A new 162,000-square-foot meat processing plant opened Oct. 21 in Camp Hill, Pa. The factory, off Lisburn Road, is owned by Ahold USA, which operates grocery store chains Giant, Martin’s and Stop & Shop, and is managed by Vantage Foods.

The plant will cut and package beef and pork products for distribution to Giant’s stores in Pennsylvania, Maryland and surrounding states, said Tracey Pawelski, Ahold’s vice president of external communications.

No animals will be slaughtered at the factory. The carcasses will be brought in from the company’s current suppliers, including Pennsylvania-based brands such as Hatfield and Berks as well as national companies such as Perdue and Smithfield, Pawelski said.

Keeping live animals out of the plant will eliminate any concerns neighbors might have about smells, Leonal Kilgore,Vantage president and CEO, said in a statement announcing the plant last year.

Vantage Foods had already been serving Giant’s Pennsylvania stores prior to the opening of the Camp Hill site, Pawelski said.

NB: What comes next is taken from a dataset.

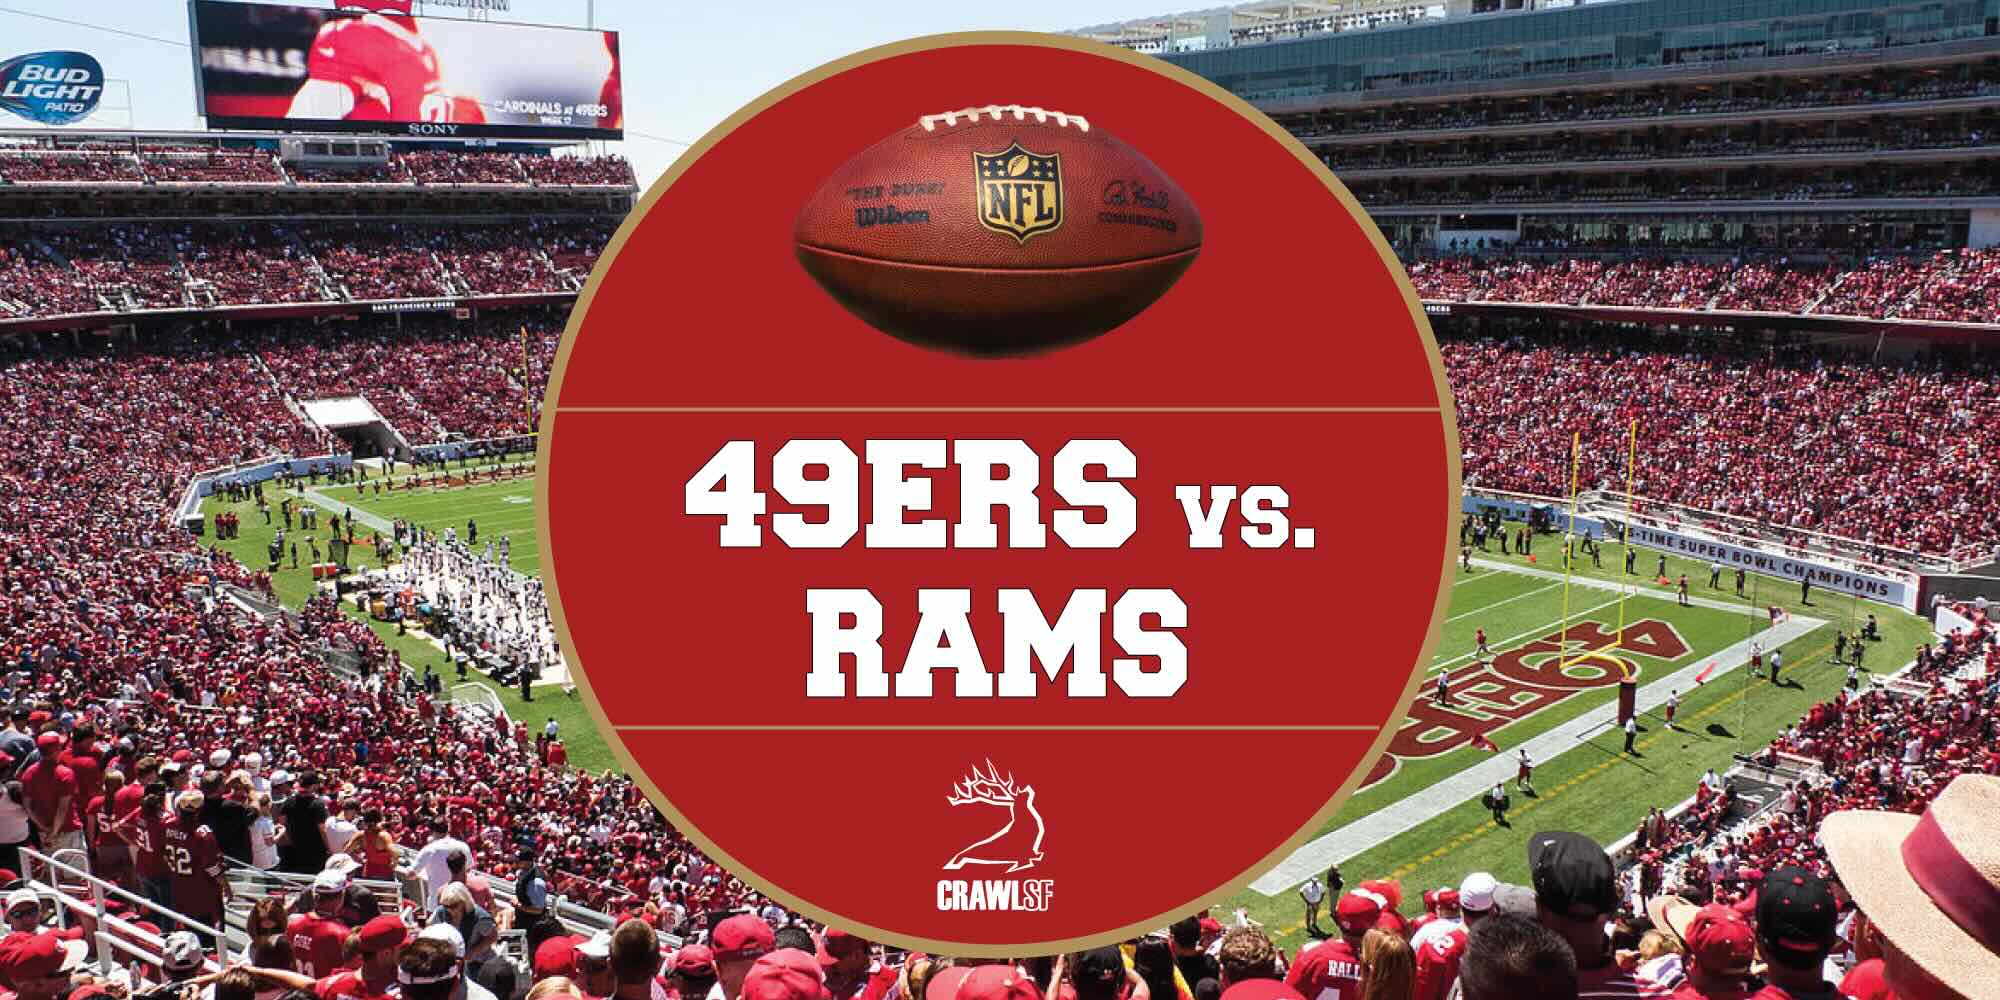 rams niners playoff tickets

The plant’s operations manager, Dave Davidson, said the plant will take seven to nine months to get to full capacity and will employ 750 to 800 people. Pawelski said each shift will eventually have about 400 workers.

Camp Hill was chosen as the site for the plant because of its proximity to major transportation arteries, Pawelski said.

The plant is part of an attempt to rethink the grocery store meat department.

Ahold wants its in-store employees to focus more on customer service, so the new plant will shift the burden of cutting meat out of the stores. The meat staff will now have to spend less time butchering in the back room and will be more accessible to answer buyers’ questions.

“Customers will continue to see familiar faces in the meat department,” Pawelski said.

She said the plant will help Ahold reduce waste, employ more efficient packaging technologies, ensure food safety and improve its management of store inventories.

“This change is expected to be seamless for customers who will continue to enjoy access to popular varieties of fresh, quality meats with the selection and value they’ve come to expect,” Pawelski said.

Giant was already supplying its stores with chicken and fish packaged at other locations, and this plant will concentrate beef and pork operations in a similar way, Davidson, the operations manager, said.

While customers may experience some changes, farmers are unlikely to see much of a change. Ahold will be sticking with its current suppliers rather than shaking up the market, which is a plus for farmers who serve Ahold’s partners.

Because the plant has commercial suppliers and does not slaughter animals, it does not work directly with farmers, Davidson said. He declined to discuss specifics of the machinery used at the plant but noted that it is state-of-the-art.

Pawelski said the company does not release processing volumes.

Davidson said the new factory should improve meat production in the Harrisburg region.

“Our goal is to continue to increase sales and certainly to put out a better product,” he said.